[[ DATASET SECTION open ]]

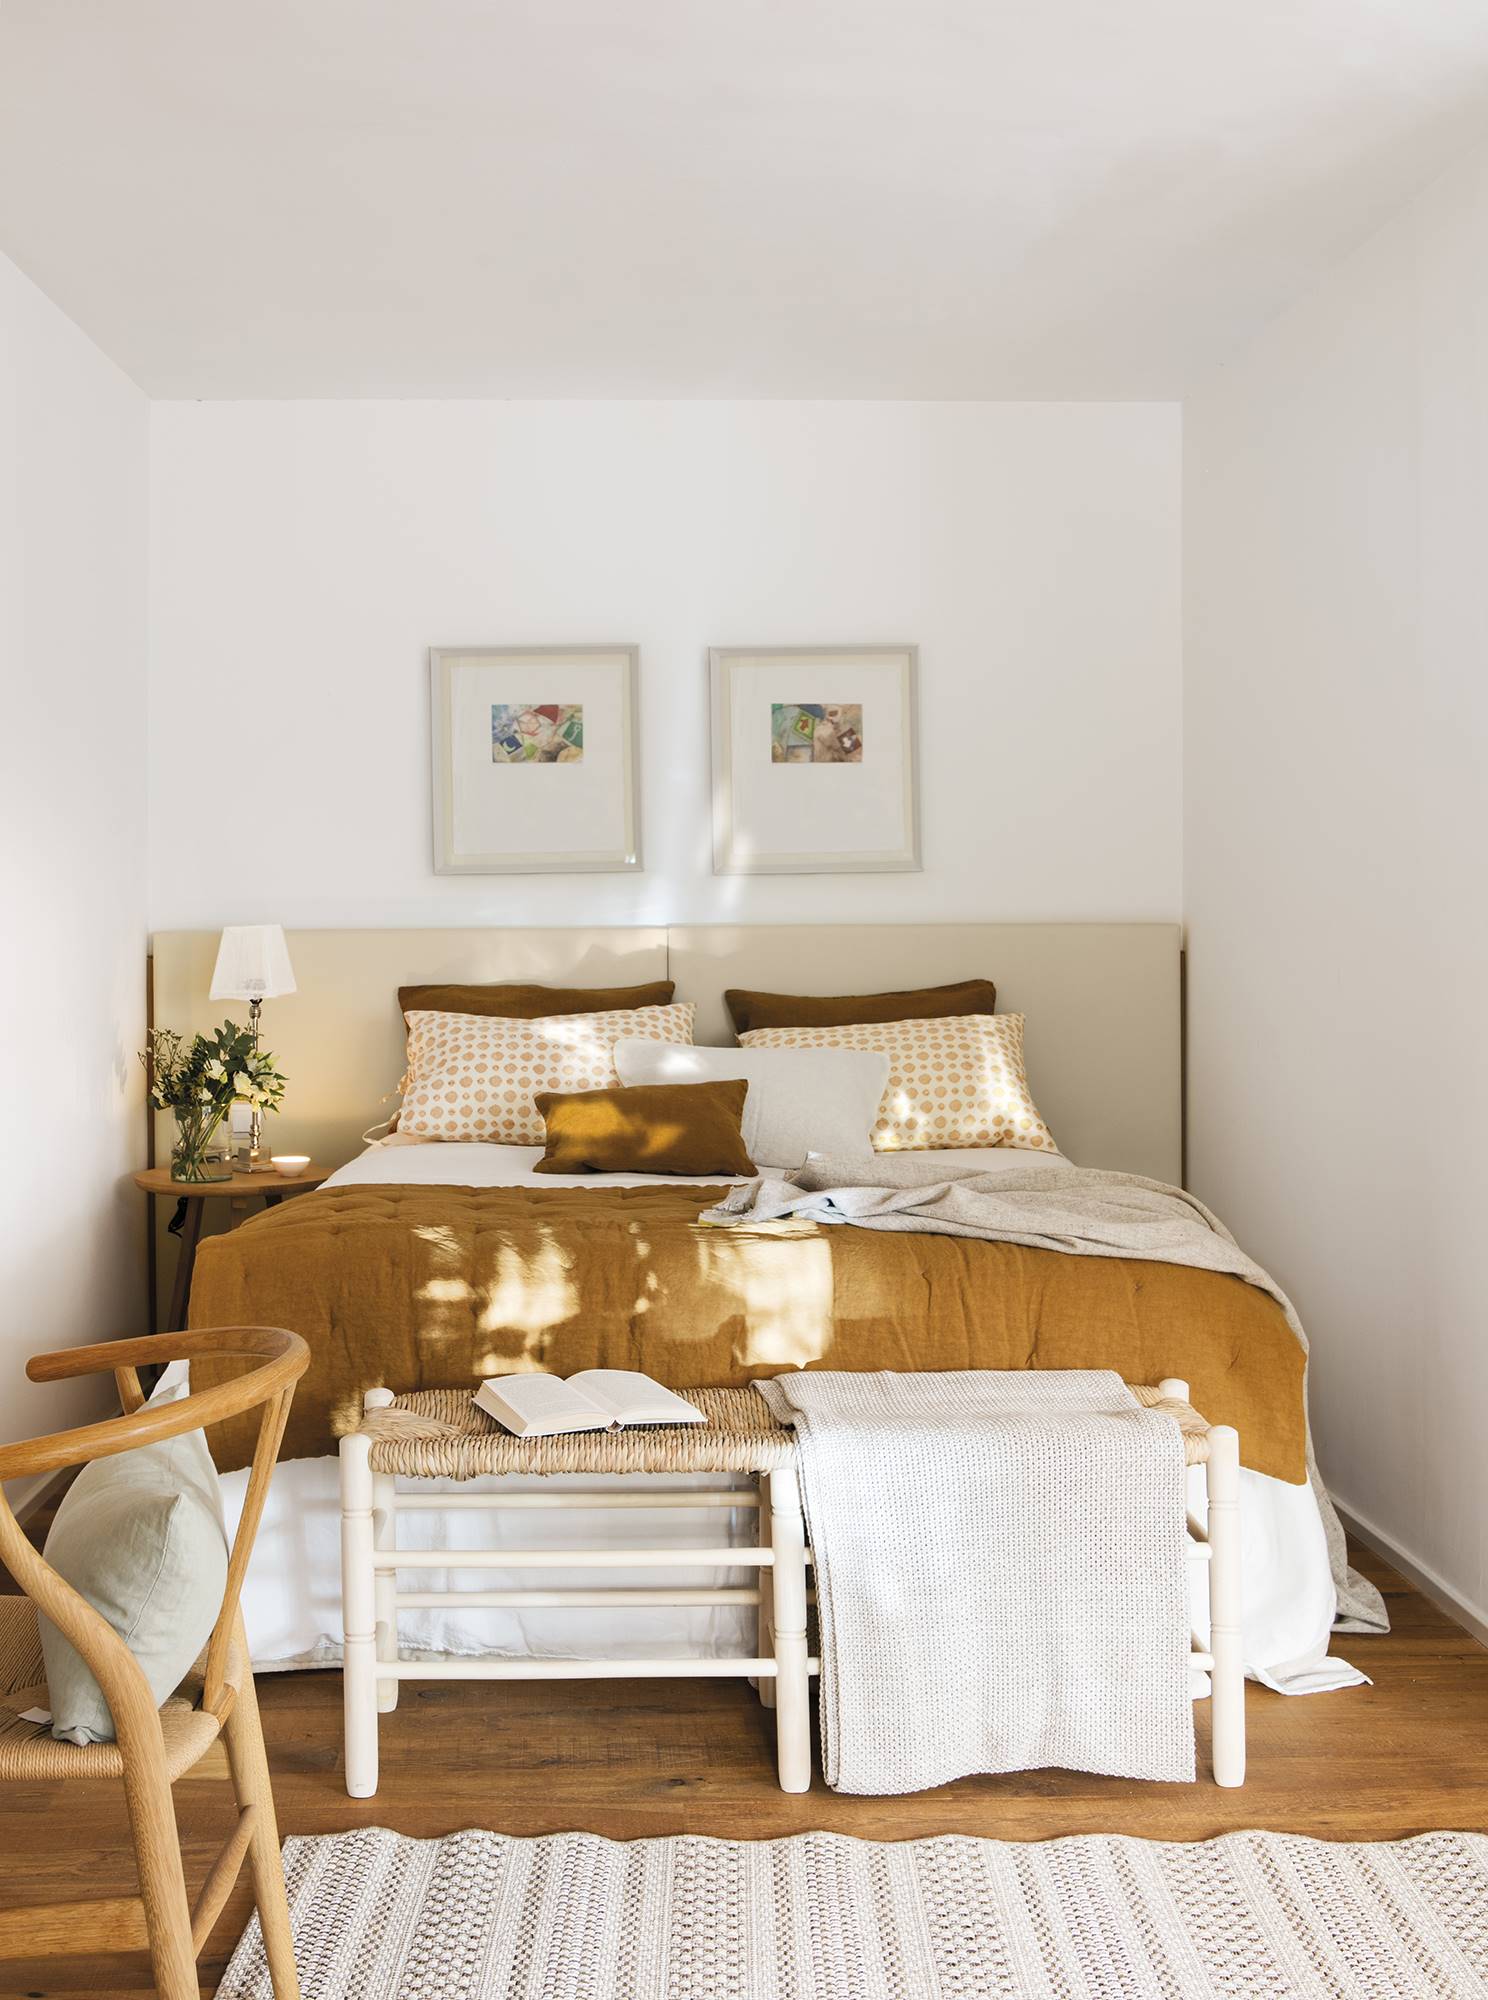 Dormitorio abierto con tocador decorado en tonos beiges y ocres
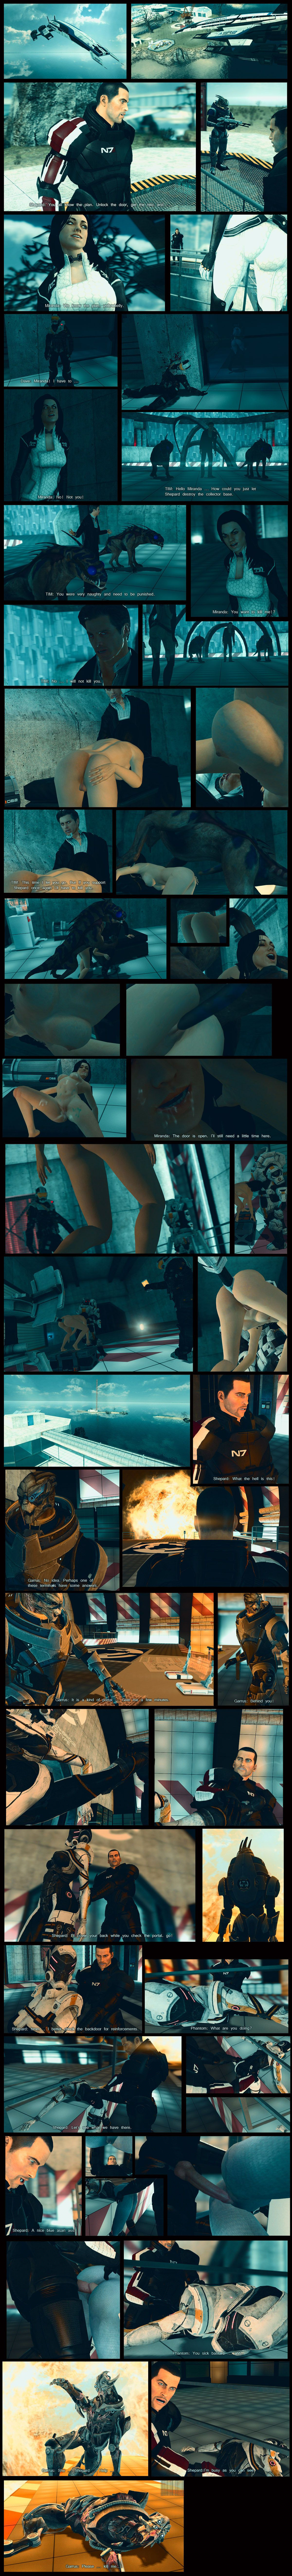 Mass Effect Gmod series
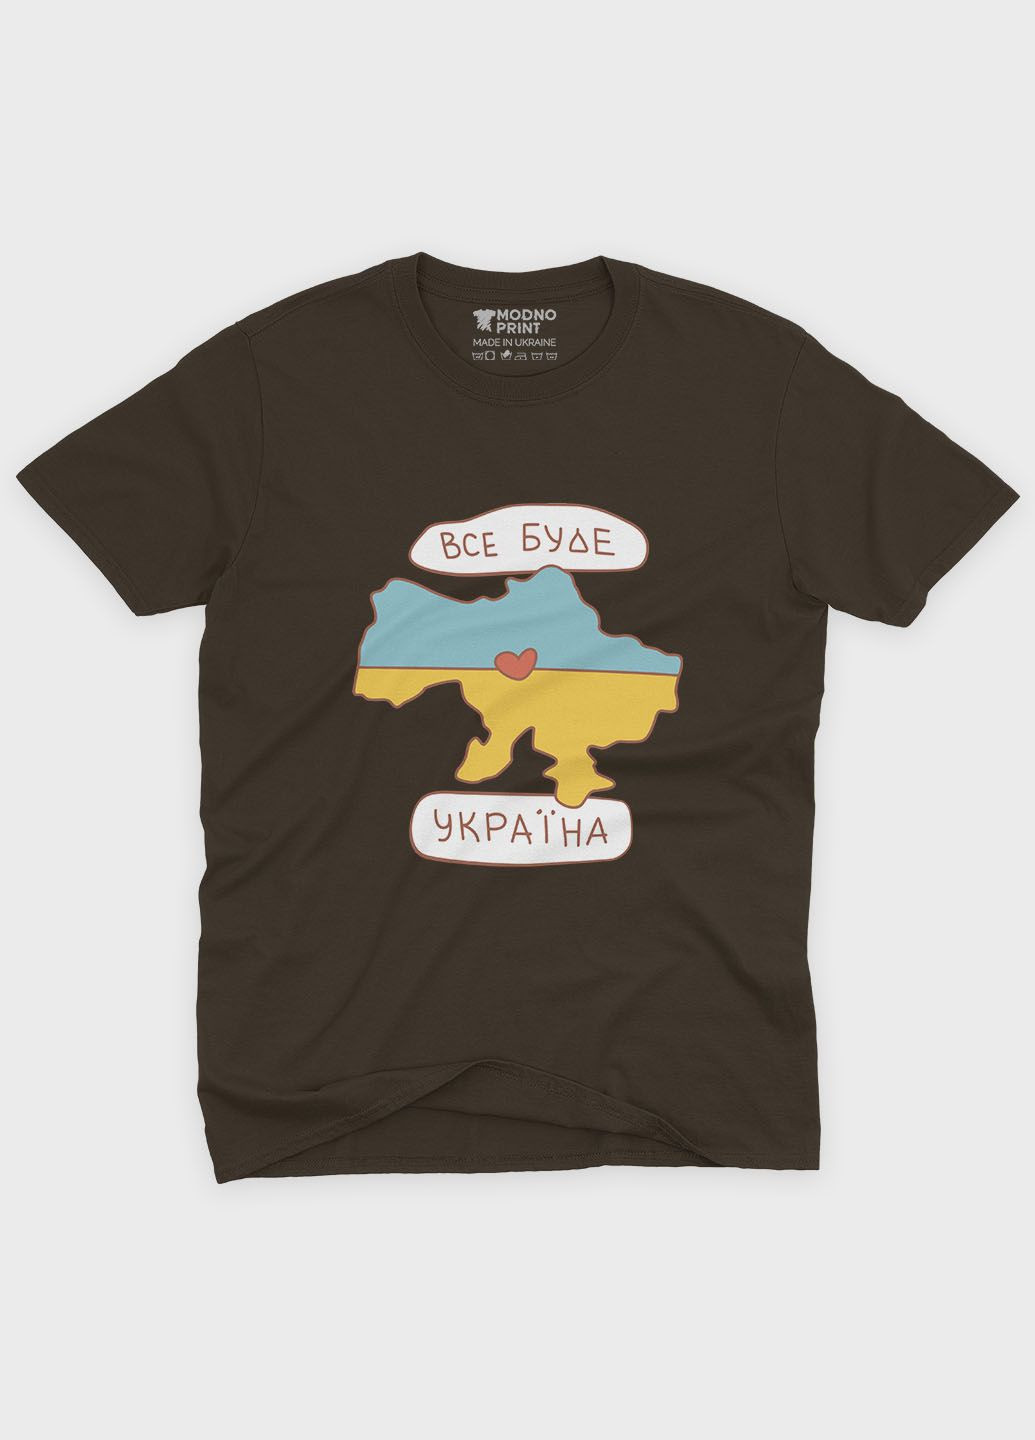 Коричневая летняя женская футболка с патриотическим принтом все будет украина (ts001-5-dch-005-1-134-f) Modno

[[ DATASET SECTION closed ]]

TASK PROMPT
Set down all of the data word for word; no pictures belong in it.

FINISHED TASK
 Dormitorio abierto con tocador decorado en tonos beiges y ocres
 Mass Effect Gmod series
 Коричневая летняя женская футболка с патриотическим принтом все будет украина (ts001-5-dch-005-1-134-f) Modno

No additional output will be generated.